Current study refurbrished the previous findings of structural variations, gene contents, and GC contents of the chloroplast genomes from green algae to flowering plants. The study also included some noble findings and discussions on the plastome introns including their length variations and phase variation. We also presented and corrected some false annotations on the introns in protein coding and tRNA genes in the genome database, which might be confirmed by the chloroplast transcriptome analysis in the future.
叶绿体是植物中的一个常见特征。在植物进化过程中,每个植物谱系的叶绿体通过结构变化和将许多基因转移到核基因组,塑造了自己的基因组,即质体基因组。一些质体基因有内含子,这些内含子主要是第二类内含子。
本研究旨在从绿藻到开花植物获得质体基因组的基因组和进化见解。
从 NCBI 细胞器基因组数据库中挖掘了来自绿藻、苔藓植物、蕨类植物(有孢子的维管束植物)、裸子植物和被子植物的 115 个物种的质体基因组。通过内部开发的 Phyton 代码分析质体基因组结构、基因含量和 GC 含量。通过在 NCBI 中注释信息中手动分析内含子的存在/缺失、长度、内含子相位来分析内含子特征。
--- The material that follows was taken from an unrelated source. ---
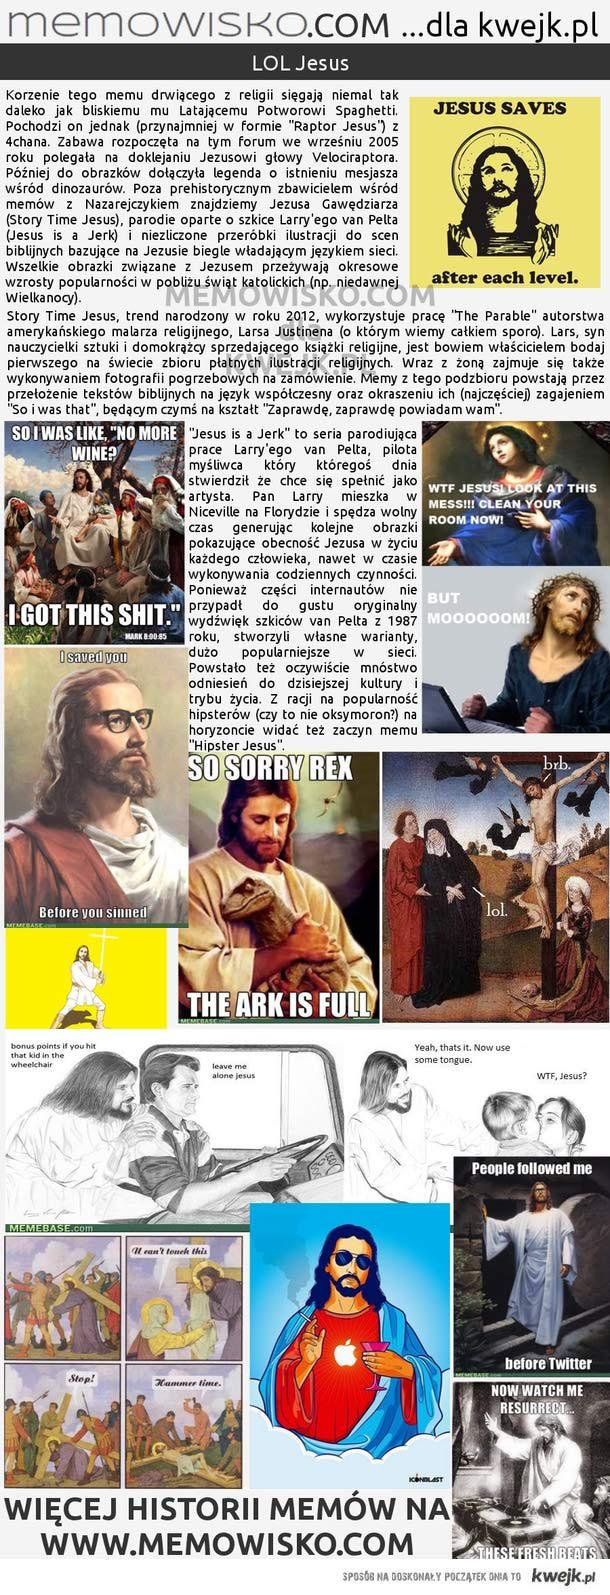 LOL Jesus - Memowisko dla kwejk.pl
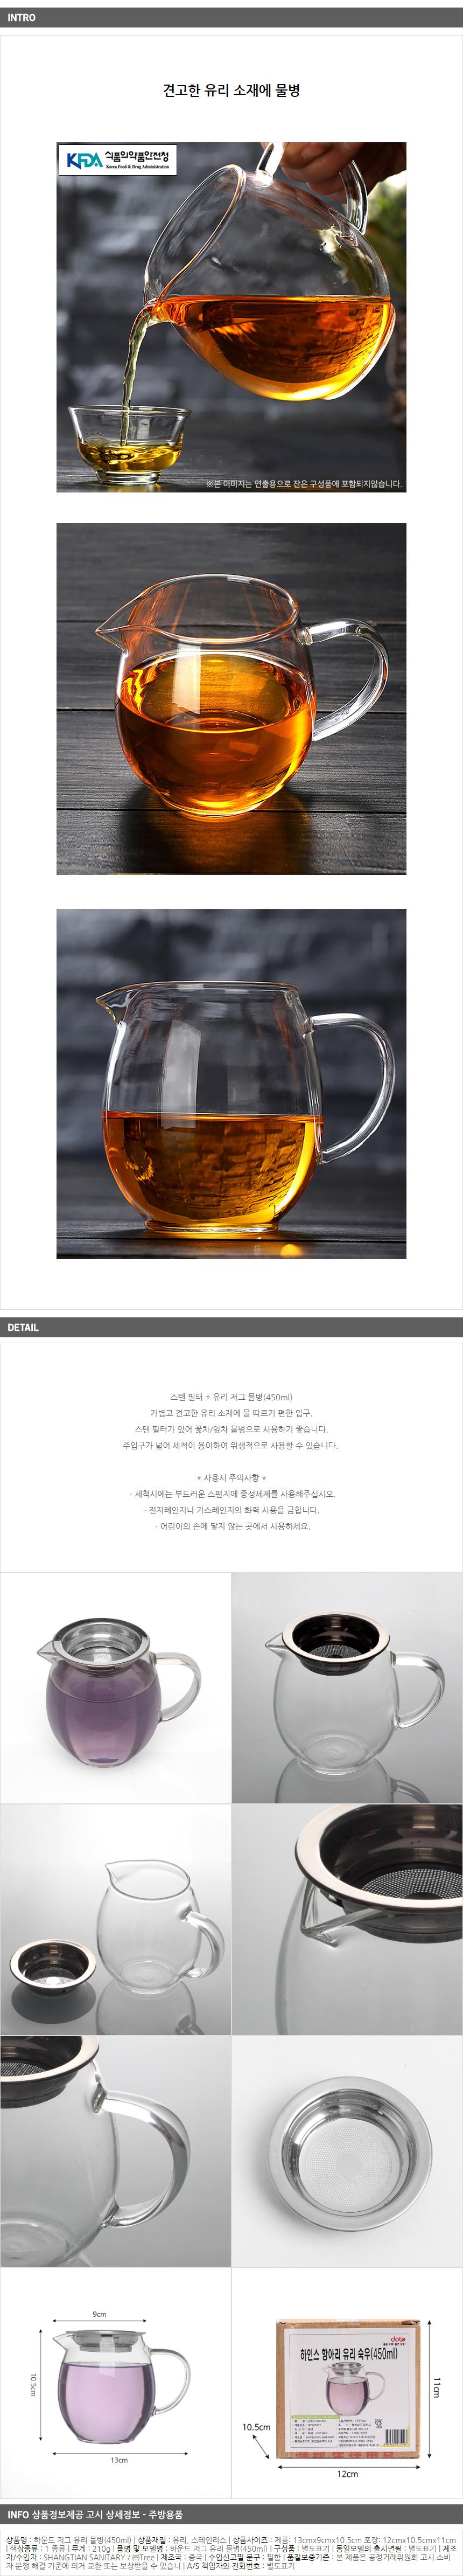 [로하티]하운드 저그 유리 물병(450ml)/유리병 저그물병 - 기프트갓, 9,720원, 보틀/텀블러, 키친 물병

除了少数几个丢失了反向重复(IR)的质体基因组外,大多数质体基因组保留了典型的四分体结构。IR 的扩展、减少或缺失导致了质体基因组长度的变化。蛋白质编码基因的数量从 40 到 92 个不等,平均每个质体基因组有 79.43±5.84 个,在特定谱系中出现了基因丢失。trn 基因的数量从 13 到 33 个不等,平均每个质体基因组有 21.19±2.42 个。核糖体 RNA 基因 rrn 位于 IR 中,因此它们是重复的,除了那些丢失了一个 IR 的物种。GC 含量从 24.9%到 51.0%不等,平均值为 38.21±3.27%,表明 AT 含量较高。质体内含子存在于 18 个蛋白质编码基因、6 个 trn 基因和 1 个 rrn 基因中。内含子丢失发生在不同植物谱系的同源基因之间。与核内含子相比,质体内含子较长,这可能与剪接体核内含子和自我剪接的第二类质体内含子有关。trnK-UUU 内含子包含编码 matK 基因的成熟酶,除了绿藻和石松类蕨类植物丢失了 trnK-UUU 外,matK 保留了下来。在 NCBI 数据库中,内含子位置的注释存在许多错误。在内含子相位分析中,相位 0 内含子比相位 2 和 3 内含子更常见。在 clpP 内含子中观察到相位多态性,clpP 是由核苷酸插入衍生而来的。与古菌或真核核 tRNA 内含子相比,质体 trn 内含子较长。在六个质体 trn 内含子中,一个位于 D 环,其他五个位于反密码子环。在古菌、真核核和质体 tRNA 基因中,trn 基因的插入位点是保守的。
目前的研究更新了从绿藻到开花植物的叶绿体基因组的结构变异、基因含量和 GC 含量的先前发现。该研究还包括一些关于质体内含子的有价值的发现和讨论,包括它们的长度变化和相位变化。我们还提出并纠正了基因组数据库中蛋白质编码和 tRNA 基因内含子的一些错误注释,这些注释可能在未来通过质体转录组分析得到证实。